In 1966 he takes us through the build-up to the tournament and to the final itself, describing what he saw, what he heard, and what he felt. He explains what it was like to be part of Sir Alf Ramsey's team, gives us his personal memories of his teammates, the matches, the atmosphere; the emotion of being carried on the wave of a nation's euphoria and how it felt to go toe-to-toe with some of the foremost footballers to ever play the game. He reveals what it means to be forever defined by one moment; how a life fully lived can come back to one single instance, one day when a man stands side-by-side with his best friends united in a single aim, in front of a watching nation.
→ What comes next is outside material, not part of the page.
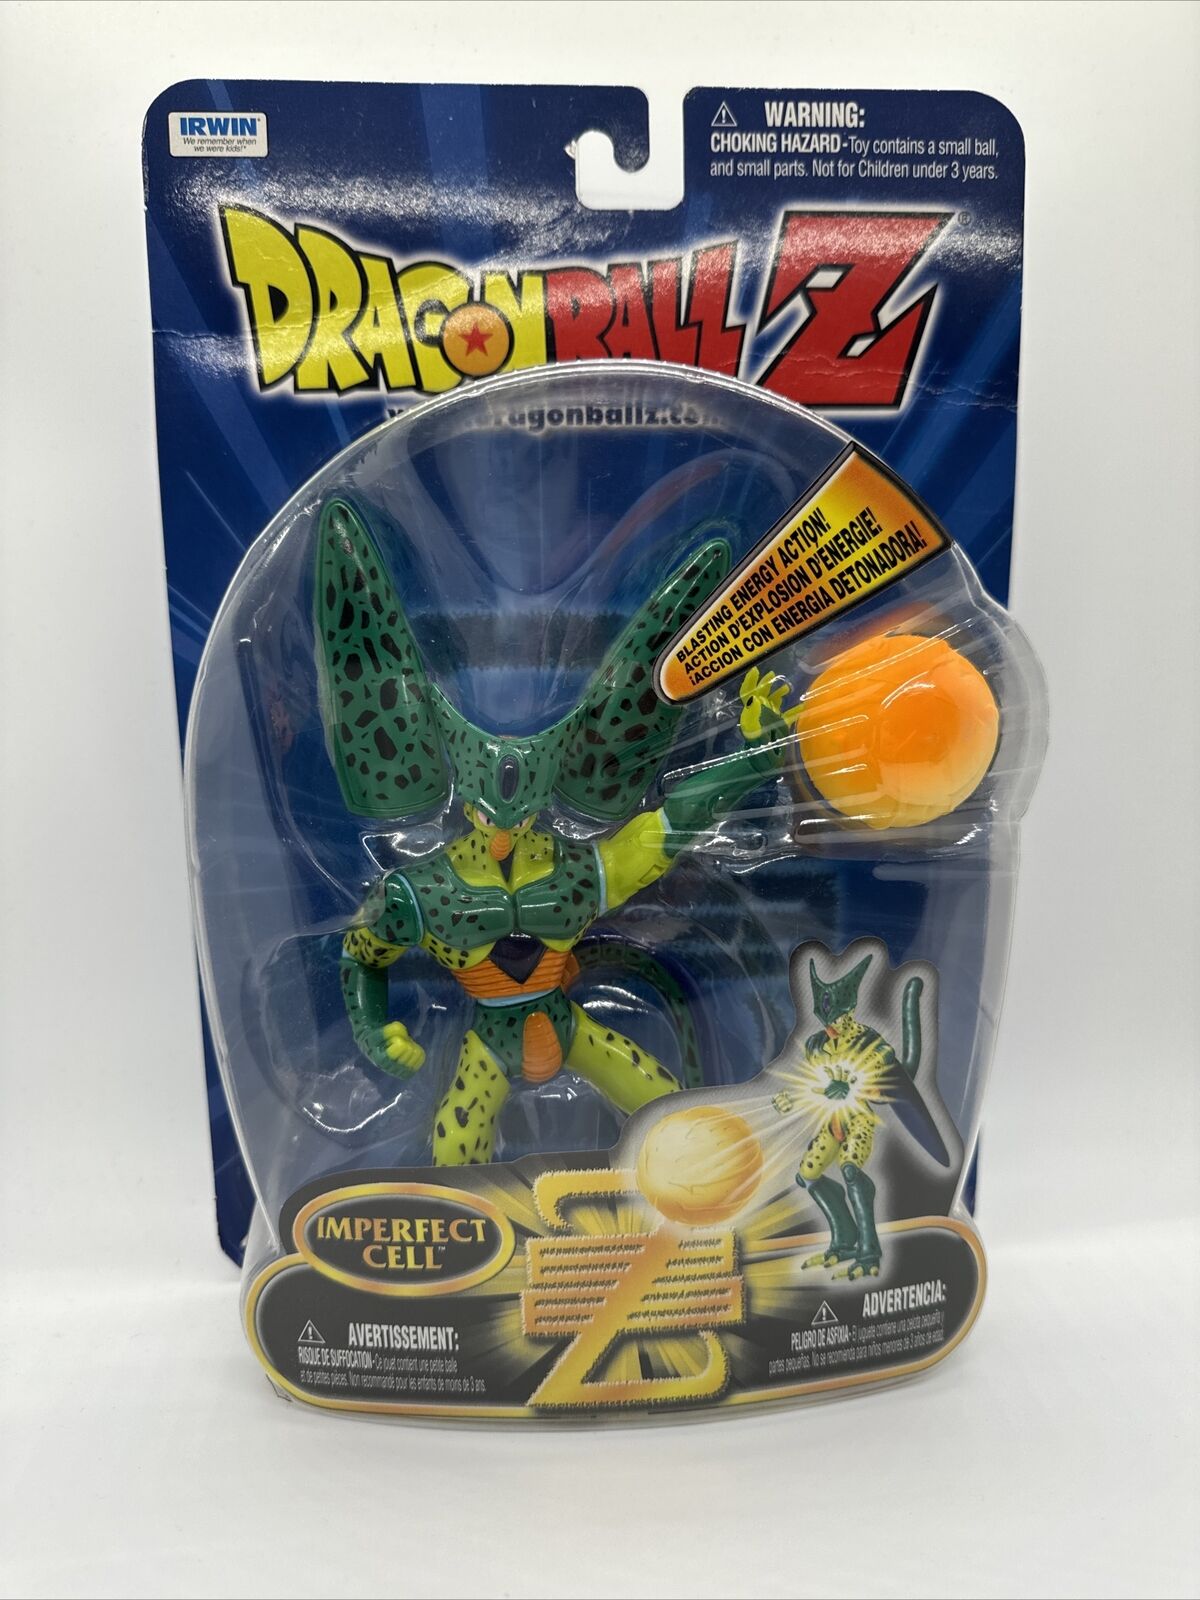 DragonBall Z Imperfect Cell Action Figure w/ Blasting Energy Action dbz toy NIB

Having survived the trauma of the Munich air disaster aged just 20, Sir Bobby Charlton played as if every game was for his fallen colleagues, recovering from his injuries to reach the pinnacle for both Manchester United and England. Playing as an attacking midfielder Sir Bobby is regarded as one of the greatest footballers the game has ever seen. During his playing career that spanned twenty years he won three League Championships, the FA Cup, the European Cup and the World Cup. With England he played in four World Cups scoring a then-record 49 goals. He is currently a director of Manchester United.